KOPAN KOLUNUZUN YENİDEN UZADIĞINI HAYAL EDİN!
Canlılar üzerinde yapılan araştırmalar, tıp dünyasında büyük merak uyandırdı. Konu hakkında bilgiler veren Medipol Üniversitesi REMER Araştırma Merkezi Müdürü Prof. Dr. Gürkan Öztürk, aksolotların ülkemizde üretilebilmesinin; sinir sistemi, kalp damar sistemi, üreme sistemi hastalıkları ve yaralanmalar gibi doku hasarı ile karakterize hastalıklara çare arayan birçok araştırmacı tarafından ilgiyle karşılandığını söyledi. Öztürk şöyle dedi: “Bu hayvanın özelliklerine sahip olsaydık örneğin kopan bir parmağımız tekrar uzayabilirdi. Daha da ötesi kolunuzun yeniden uzayabildiğini hayal edin. Kalp krizi geçirdikten sonra kalbimiz kendini yenileyip eski sağlığına yeniden kavuşabilirdi. Tıp, günümüzde pek çok hastalık karşısında maalesef çaresiz durumda. Bir omurilik zedelenmesinde ömür boyu yatağa ya da tekerlekli sandalyeye mecbur durumda kalıyoruz. Ya da bir kalp krizinden sonra artık kalp eski kalp değil. Hasarlanmış ve her an hayatı tehdit eden bir organ. Bunlar, yenilenme kapasitesine sahip değil. Bizim amacımız şu: Bu hayvanlar bizim sahip olmadığımız bu onarım kapasitesine nasıl oluyor da sahipler? Eğer biz aksolotları anlayabilirsek, bu bilgilerden yola çıkarak insanlar için yeni birtakım tedavi yöntemleri bulabilir miyiz? Tüm amacımız bu.

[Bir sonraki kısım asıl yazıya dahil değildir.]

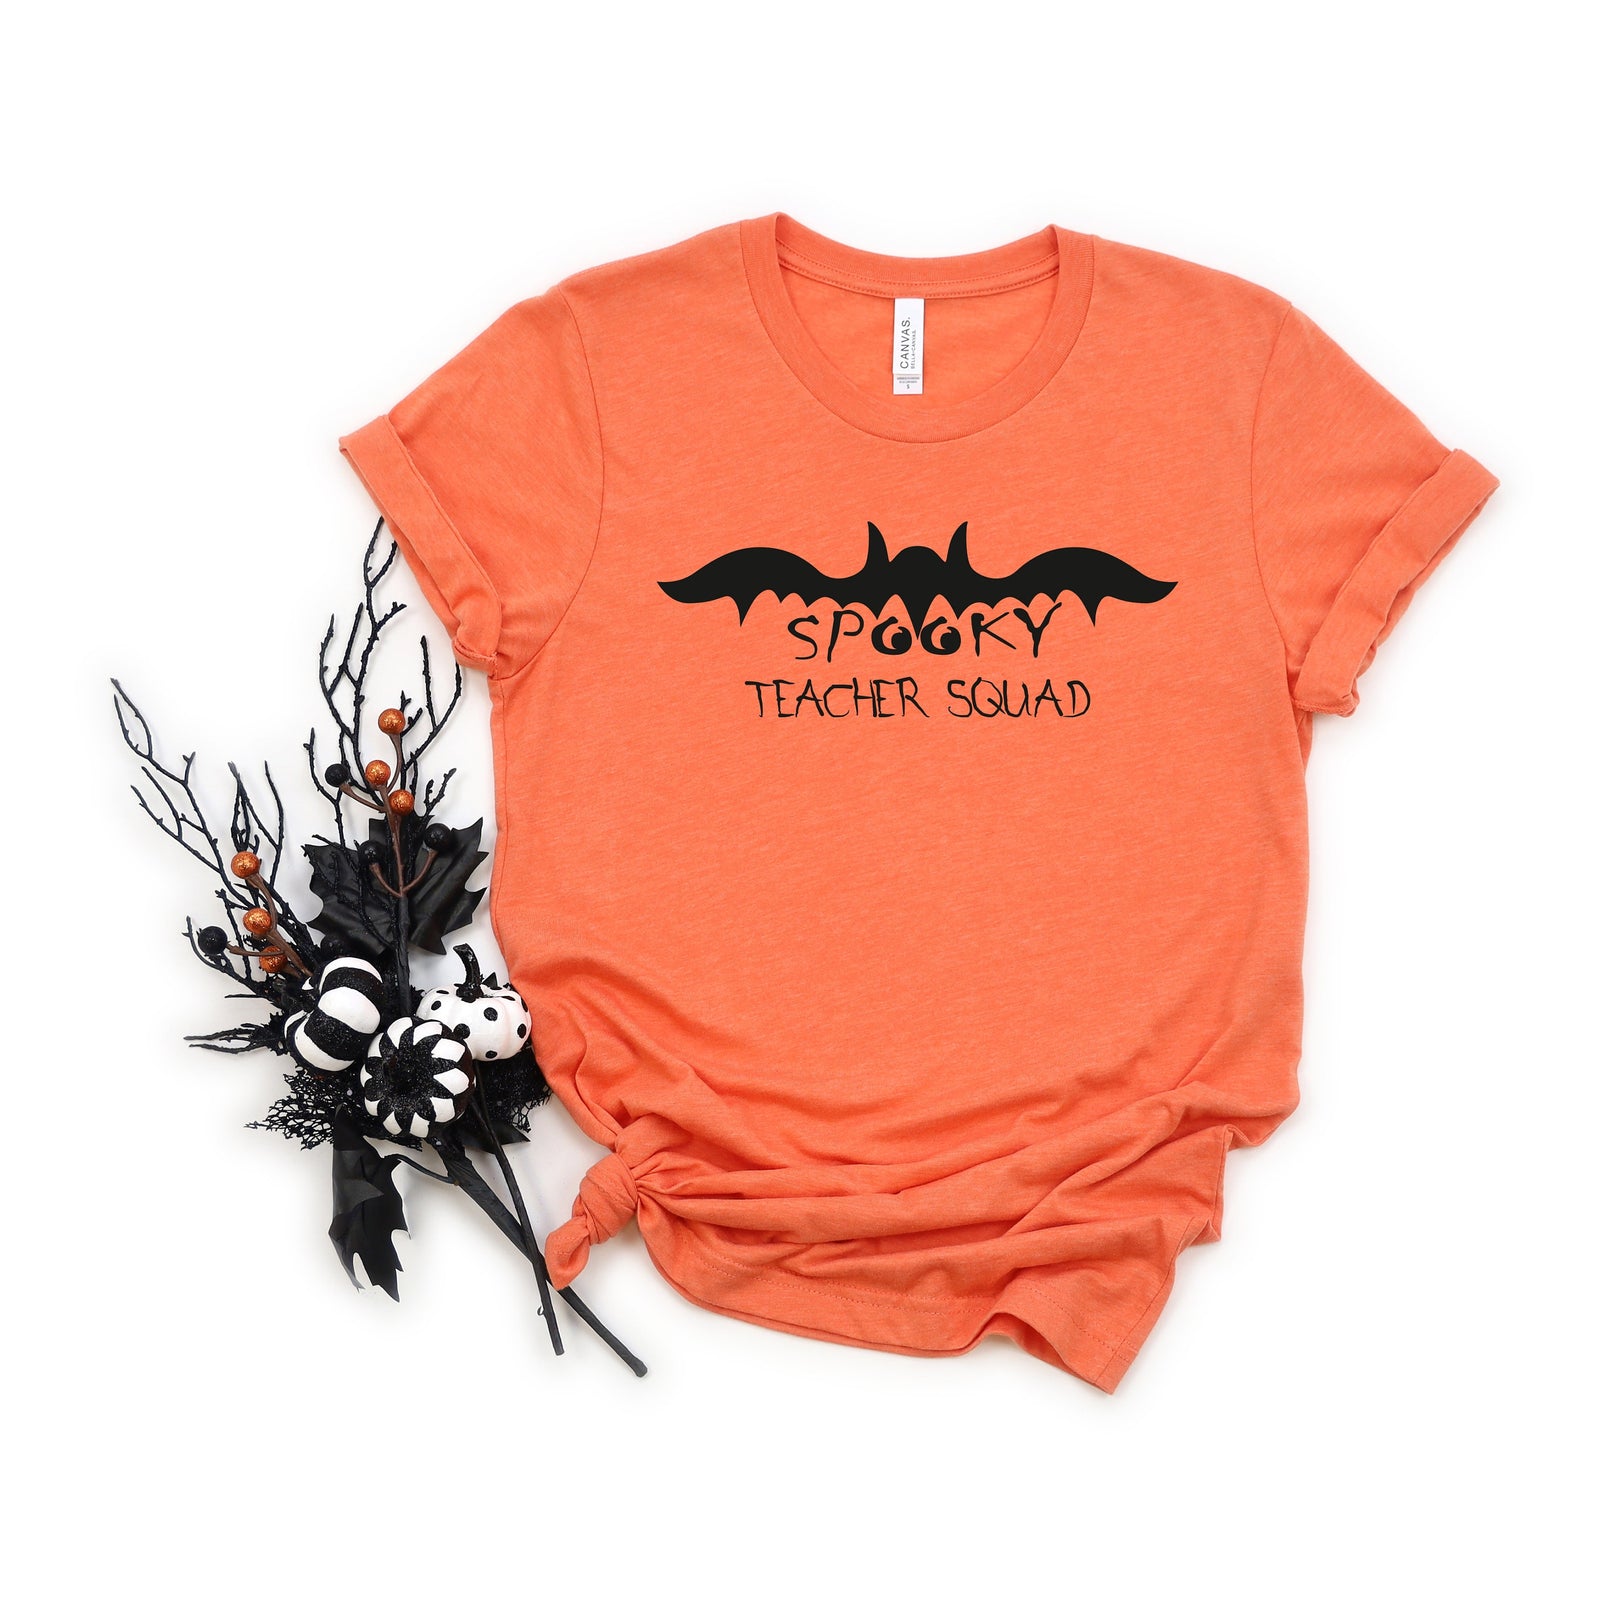 Spooky Teacher Squad Adult T Shirt - Halloween - Office - School - Teacher - Grade Level - Fun Not So Scary Bats

Aksolotlar bugün için dermansız olan hastalıkların umudu olabilecek mi, bunu zaman ve yapacağımız araştırmaların sonuçları gösterecek.”

AVRUPA’DAKİ EN İLERİ ARAŞTIRMA MERKEZLERİNDEN BİRİ!
Türkiye’nin hücresel görüntüleme alanında en önemli araştırma merkezi olarak öne çıkan REMER, bazıları alanında Avrupa’da en ileri merkez olan çok sayıda laboratuvarı bünyesinde barındırıyor. Hücre kültürü, moleküler biyoloji, genomik, biyoinformatik, proteomik, dental, biyomedikal, elektrofizyoloji, ileri mikroskopi, farmakoloji, analtik kimya ve deney hayvanları laboratuvarlarından oluşan kompleks bir yapı olan REMER, Türkiye’nin en aktif araştırma merkezlerinden biri olarak öne çıkıyor. Bünyesinde nitelikli pek çok araştırmacıyı istihdam eden REMER’de yerli aşı üretiminden kök hücre tedavilerine ve enfeksiyon etkenlerinin erken teşhisi için kullanılabilecek kitler üretilmesine kadar bir çok proje halihazırda hayata geçirilmiş durumda.